## Work to complete
For this item, repeat the material exactly while omitting its pictures.

## Dataset extract
+-------+

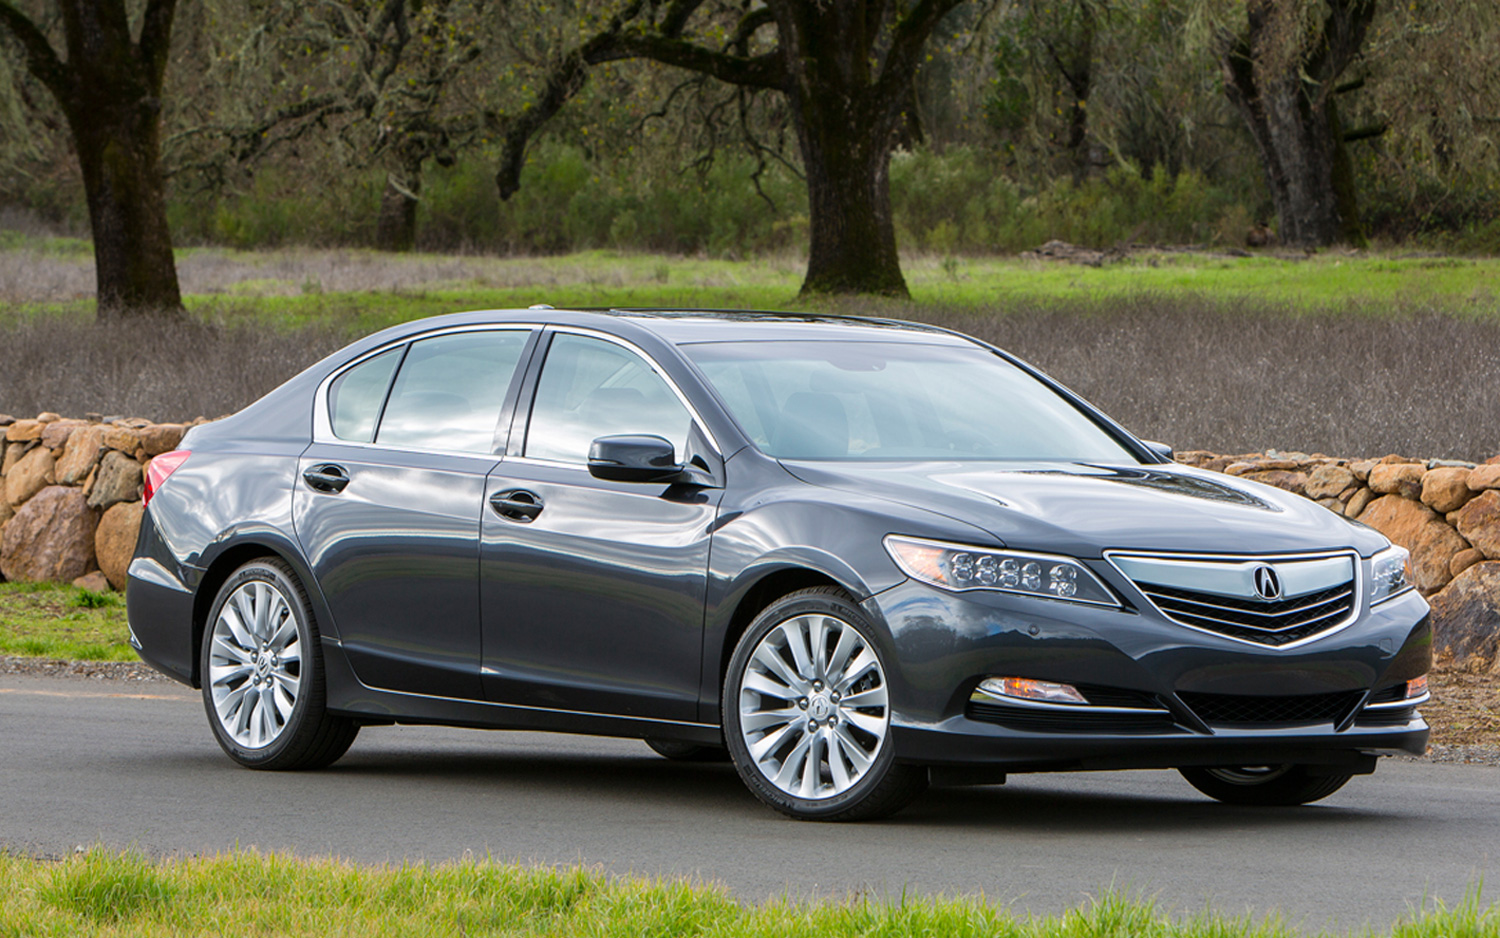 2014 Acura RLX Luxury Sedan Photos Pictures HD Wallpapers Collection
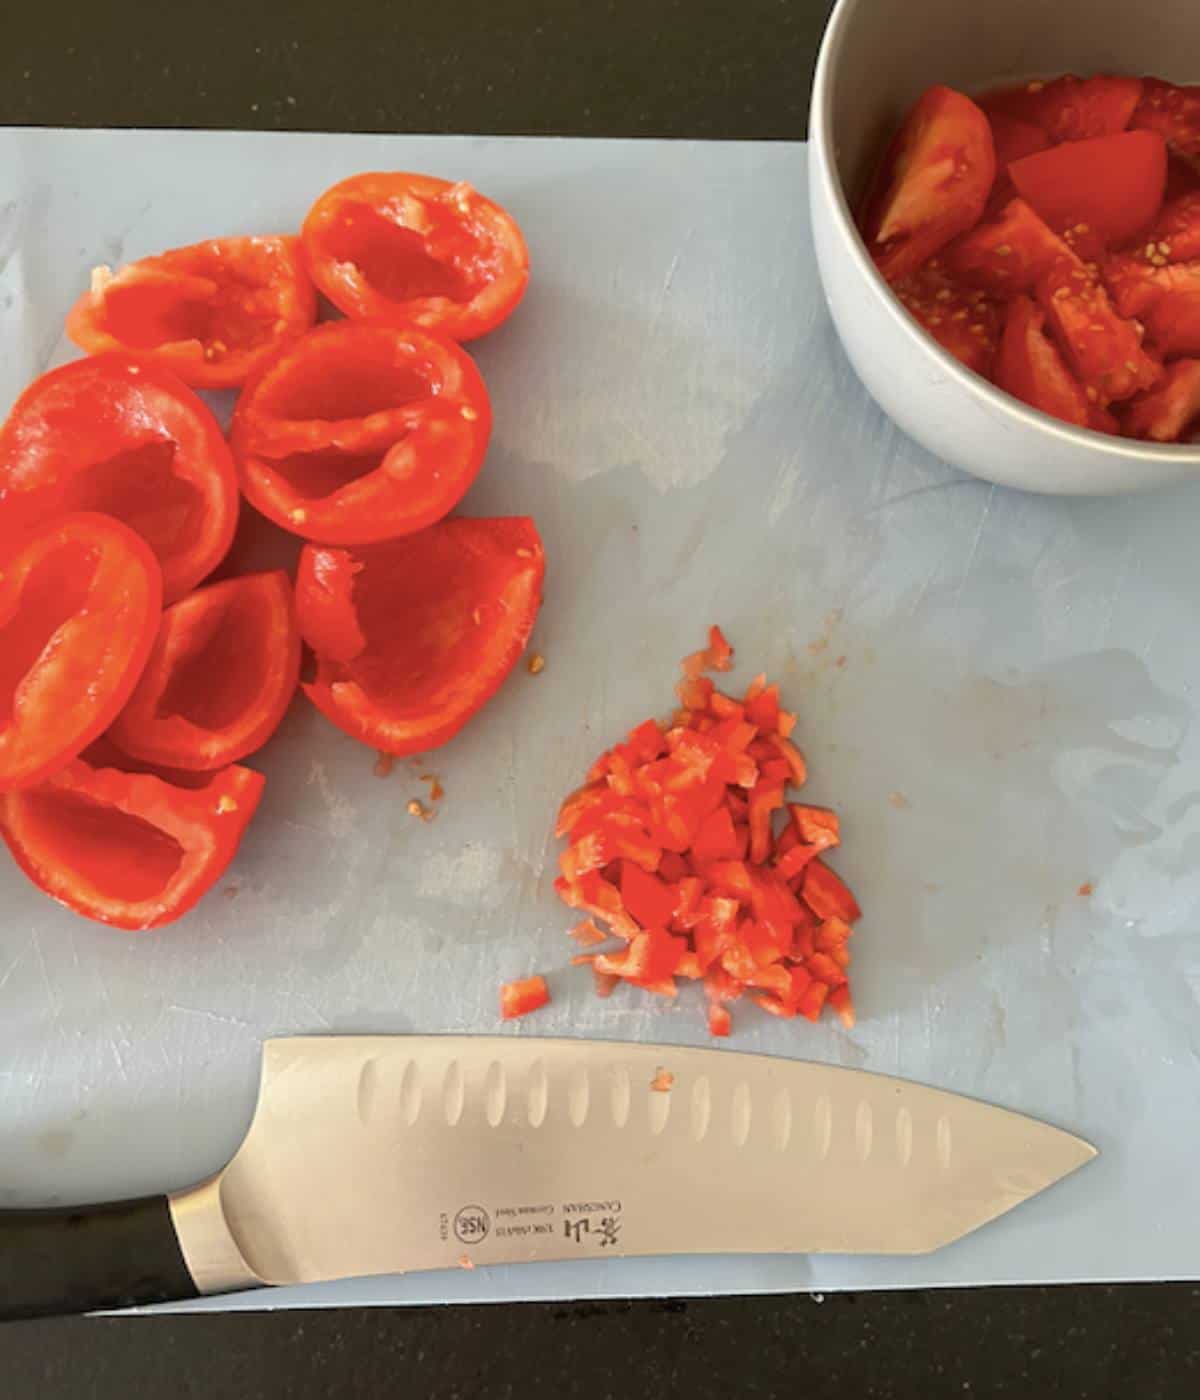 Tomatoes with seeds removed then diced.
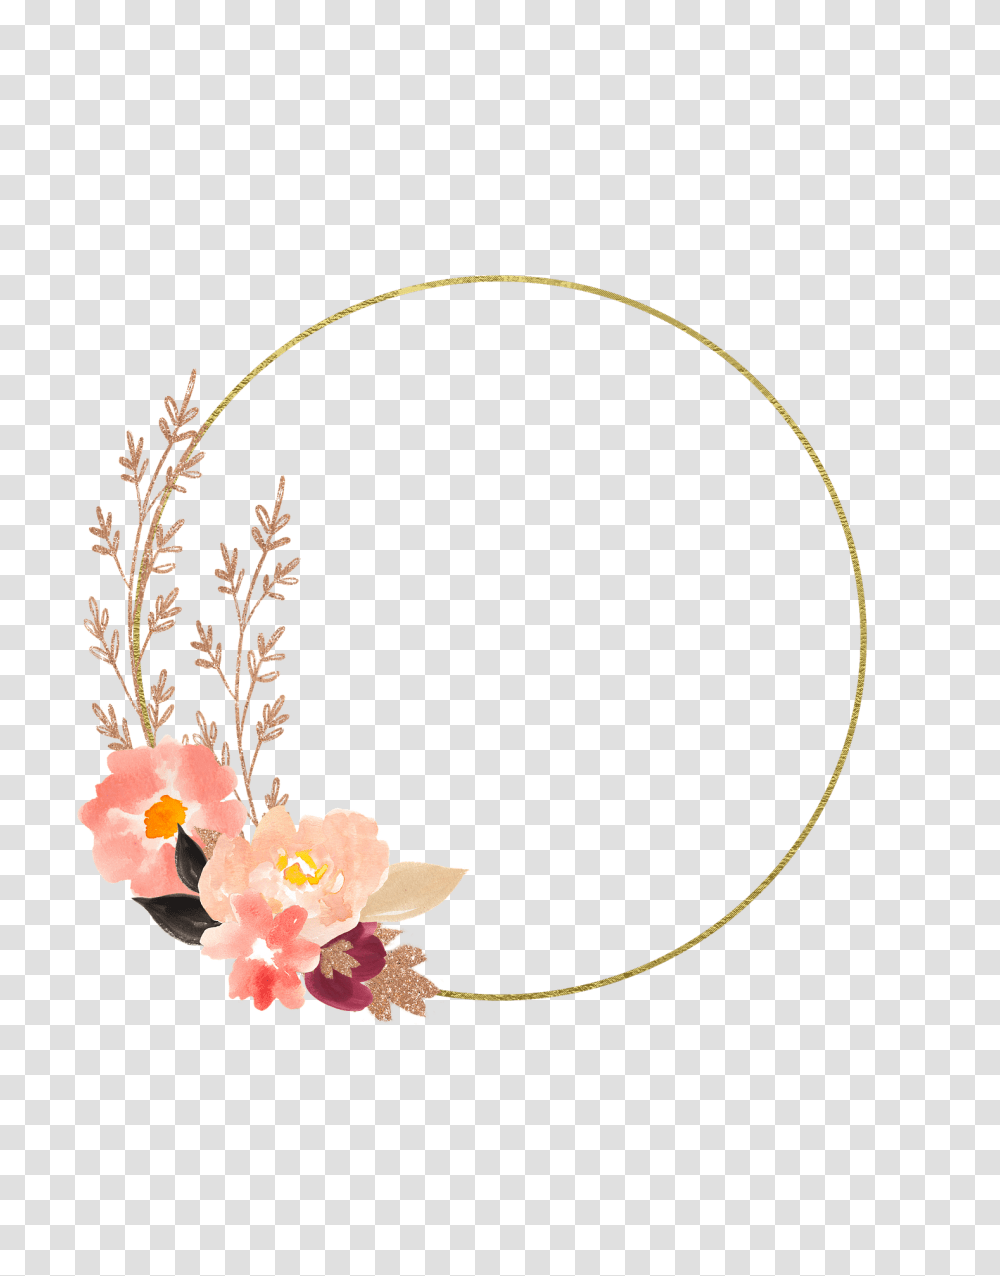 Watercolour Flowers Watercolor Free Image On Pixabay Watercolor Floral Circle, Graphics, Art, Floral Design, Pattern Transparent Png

+-------+

## Expected output
 2014 Acura RLX Luxury Sedan Photos Pictures HD Wallpapers Collection
 Tomatoes with seeds removed then diced.
 Watercolour Flowers Watercolor Free Image On Pixabay Watercolor Floral Circle, Graphics, Art, Floral Design, Pattern Transparent Png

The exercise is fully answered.